The aggregate market capitalization of the stablecoin market has surpassed $120 billion. More than half of the supply (around $72 billion) is accounted for by the segment leader—Tether (USDT).
Messari analyst Ryan Watkins attributed the rapid growth of the stablecoin sector to the fact that they are \”the best means of storing and moving US dollars around the world\”.
In short, stablecoins are simply a better means of storing and moving dollars around the world.
— Ryan Watkins (@RyanWatkins_) September 17, 2021
According to him, stablecoins are used to move capital between exchanges, as collateral on crypto-derivative platforms, in decentralized finance applications, and for cross-border payments. In Q2 2020, the volume of transactions with these assets exceeded $1.7 trillion — over the 12 months the figure grew 14-fold.
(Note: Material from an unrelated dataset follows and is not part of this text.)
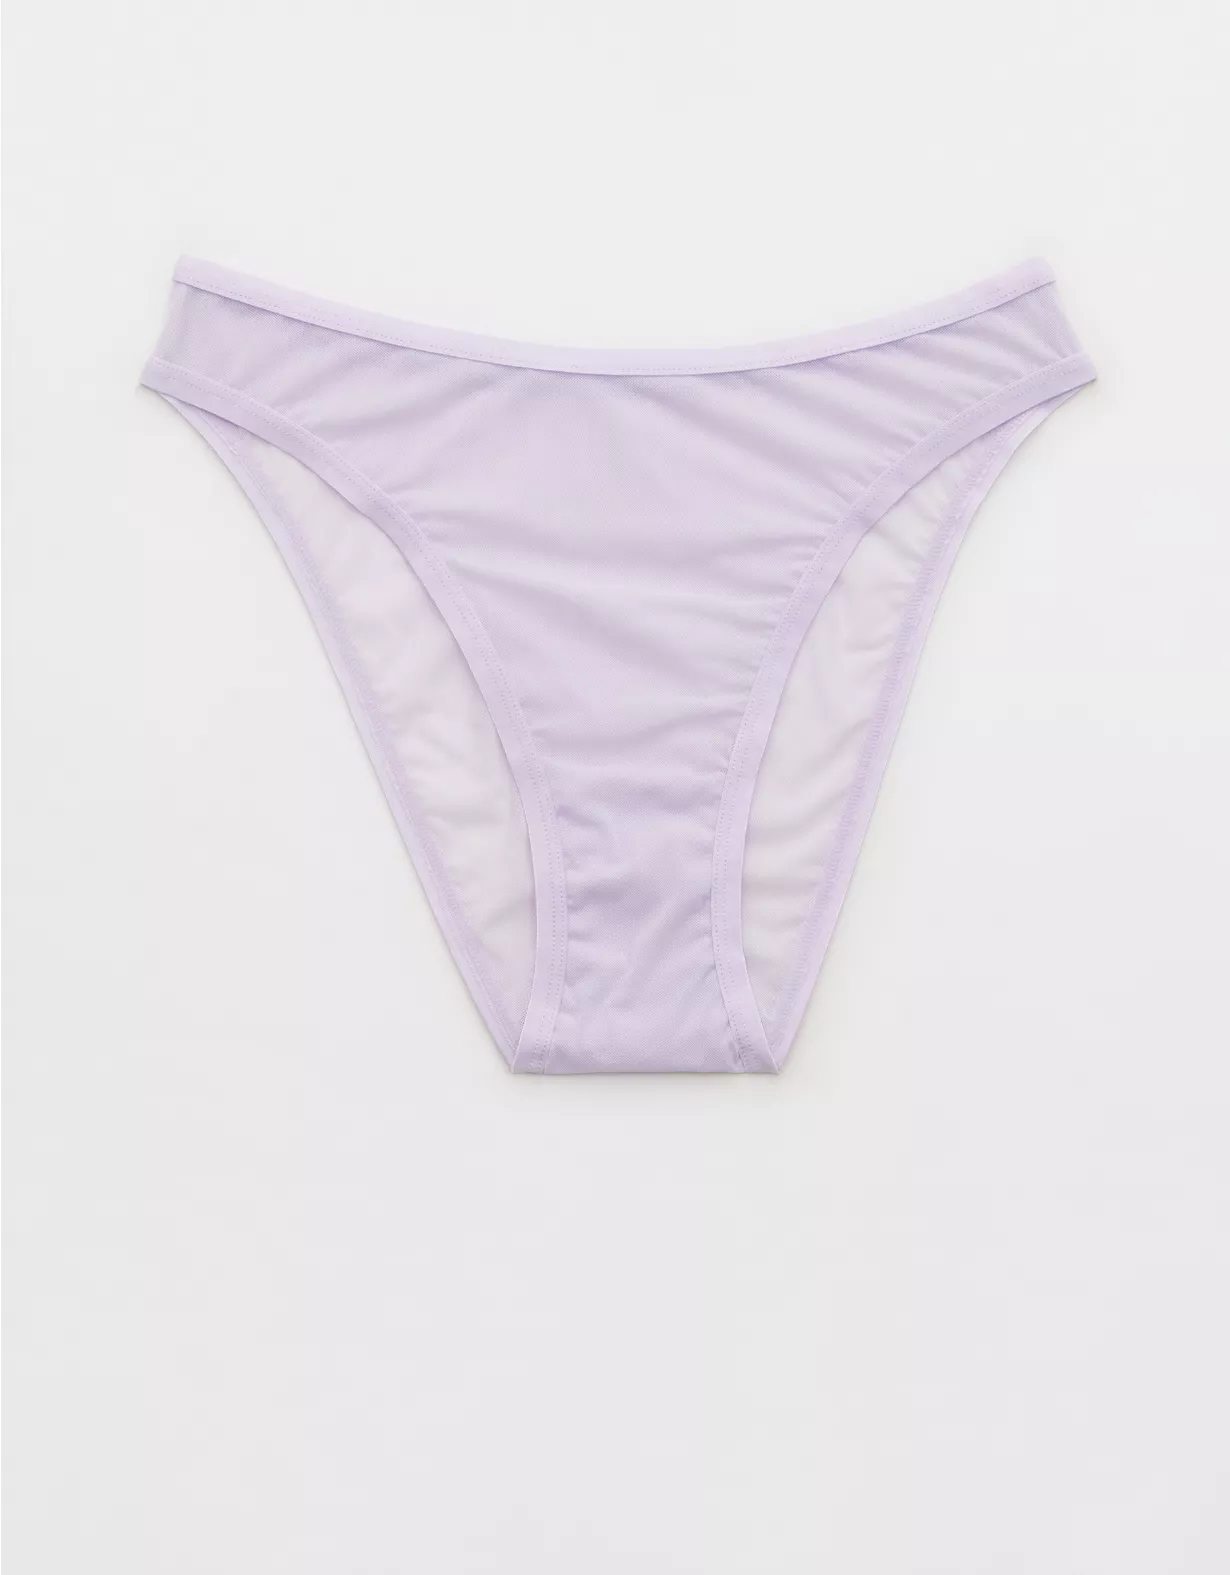 SMOOTHEZ Mesh High Cut Bikini Underwear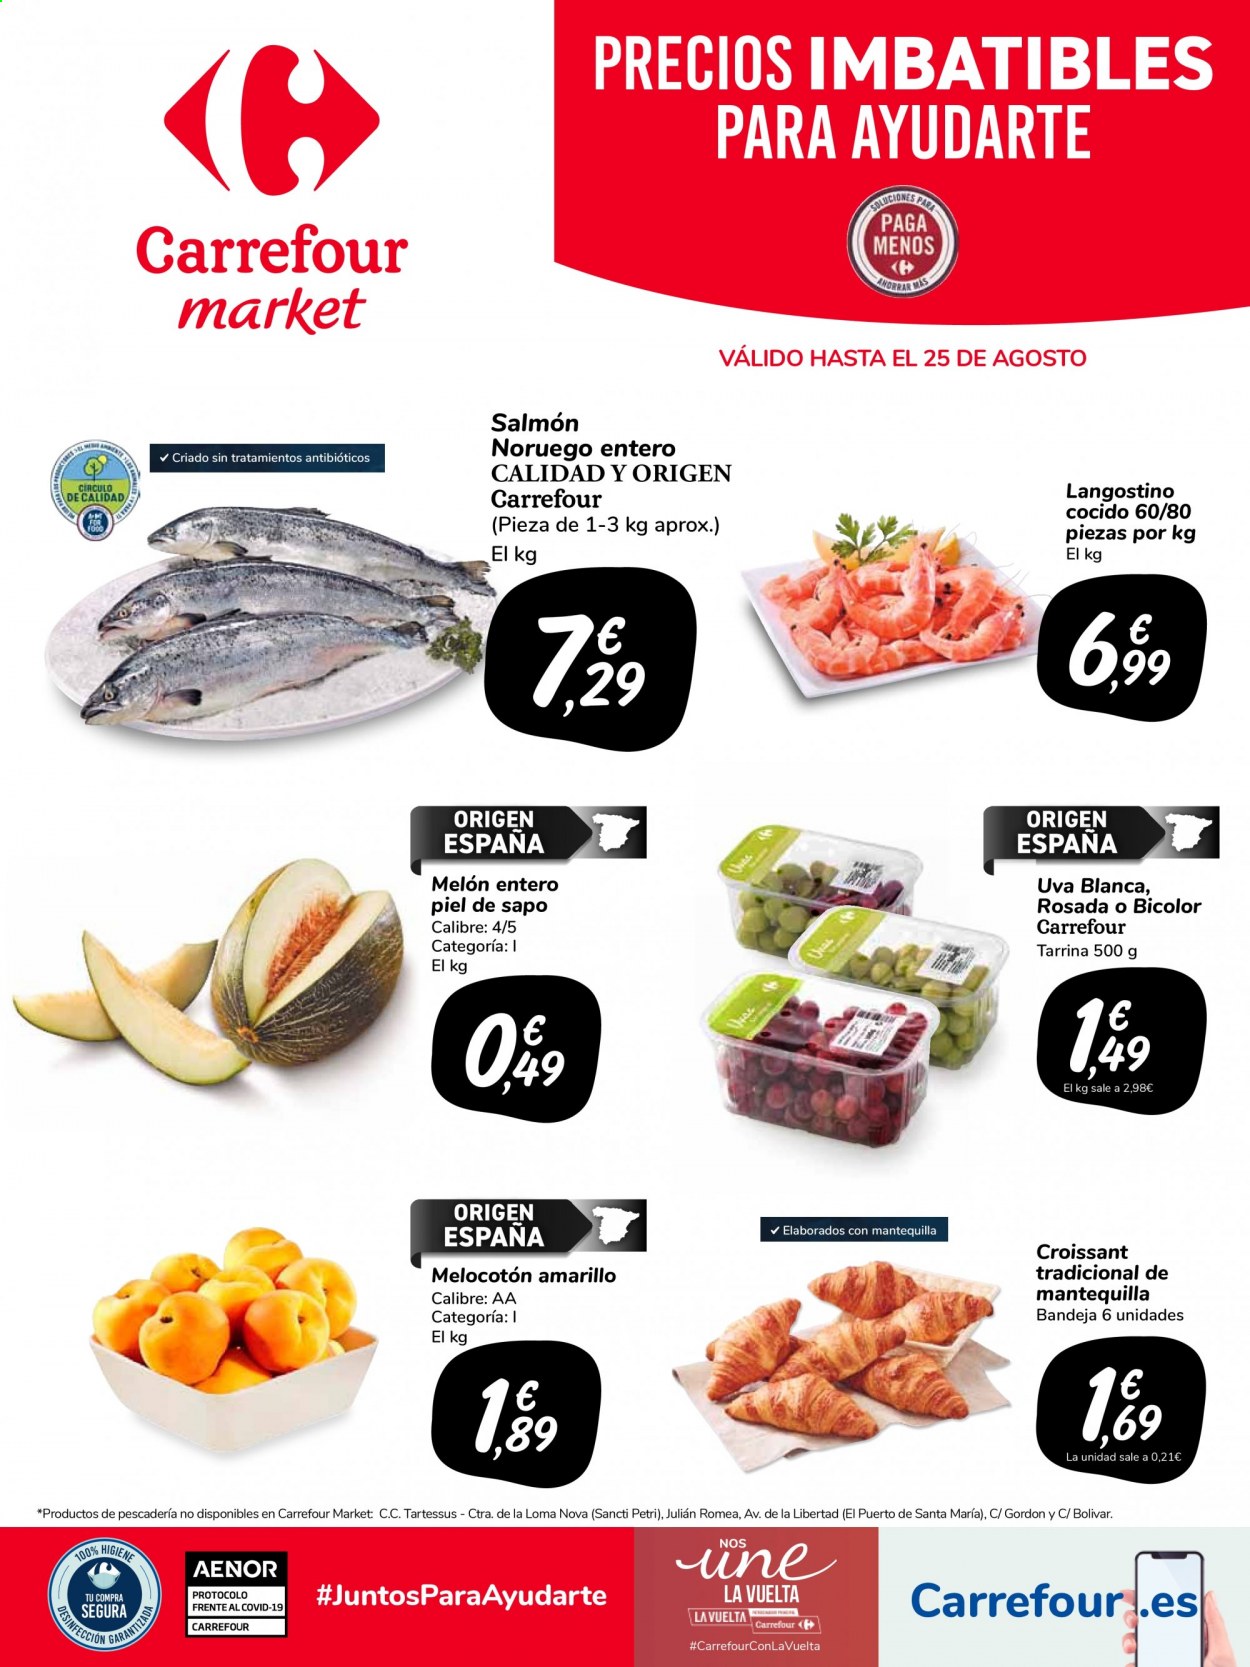 thumbnail - Folleto actual Carrefour - 19/08/21 - 25/08/21 - Ventas - uva, melocotón, croissant, langostino, salmón. Página 1.

People use stablecoins so much that in Q2 users transacted over $1.7 trillion on blockchains using stablecoins.
That was up 14x in the past year. pic.twitter.com/R4Cv8yixyQ
— Ryan Watkins (@RyanWatkins_) September 17, 2021
Watkins noted that stablecoins are convenient as a means of payment because all that is required is a public address on the blockchain. Their infrastructure runs without interruption while preserving privacy.
In addition, stablecoins are programmable assets, meaning developers can build applications on top of them.
— They offer users stronger autonomy, privacy, and interoperability than existing payments solutions which require KYC and often restrict access
— They’re programmable which allows for developers to trivially build with them and deploy applications with global distribution
— Ryan Watkins (@RyanWatkins_) September 17, 2021
Watkins noted that the US dollar accounts for about 55% of international transactions, hence there is global demand for the American currency, especially outside the United States’ financial system.
He noted that, because of these properties of stablecoins, more US domestic financial institutions are moving transactions onto the blockchain. This move helps reduce cost structures.
Beyond the United States, stablecoins provide individuals and institutions with easy access to the American currency. In his view, these assets could in the future \”capture\” the offshore dollar market. Citing data from the Bank for International Settlements (BIS), Watkins valued the latter at more than $57 trillion.
While the size of the offshore dollar market (dollar deposits held outside the US) is difficult to estimate, data from the BIS suggests it could be over $57 trillion dollars.
It may sound crazy, but this is the market stablecoins are beginning to eat into. pic.twitter.com/o5KvNrbE08
— Ryan Watkins (@RyanWatkins_) September 17, 2021
“Although the offshore dollar market (dollar deposits held outside the United States) is difficult to estimate, BIS data suggests it could be more than $57 trillion. It may seem crazy, but this is the market that stablecoins are beginning to target,” wrote him.
Watkins noted that stablecoins could potentially become a \”big problem\”, hence he understands why regulators are \”watching this market\” closely.
In July, at a meeting of Fed, officials stated that the lack of transparency of stablecoins could threaten financial stability.
Earlier, U.S. Treasury Secretary Janet Yellen called for the swift creation of a regulatory framework regarding stablecoins.
In early September, SEC Chair Gary Gensler highlighted the risk of widespread use of stablecoins, noting the Diem project developed with involvement from Facebook.
Recall that the U.S. Treasury plans to require stablecoin issuers to ensure their free conversion into fiat, according to Bloomberg.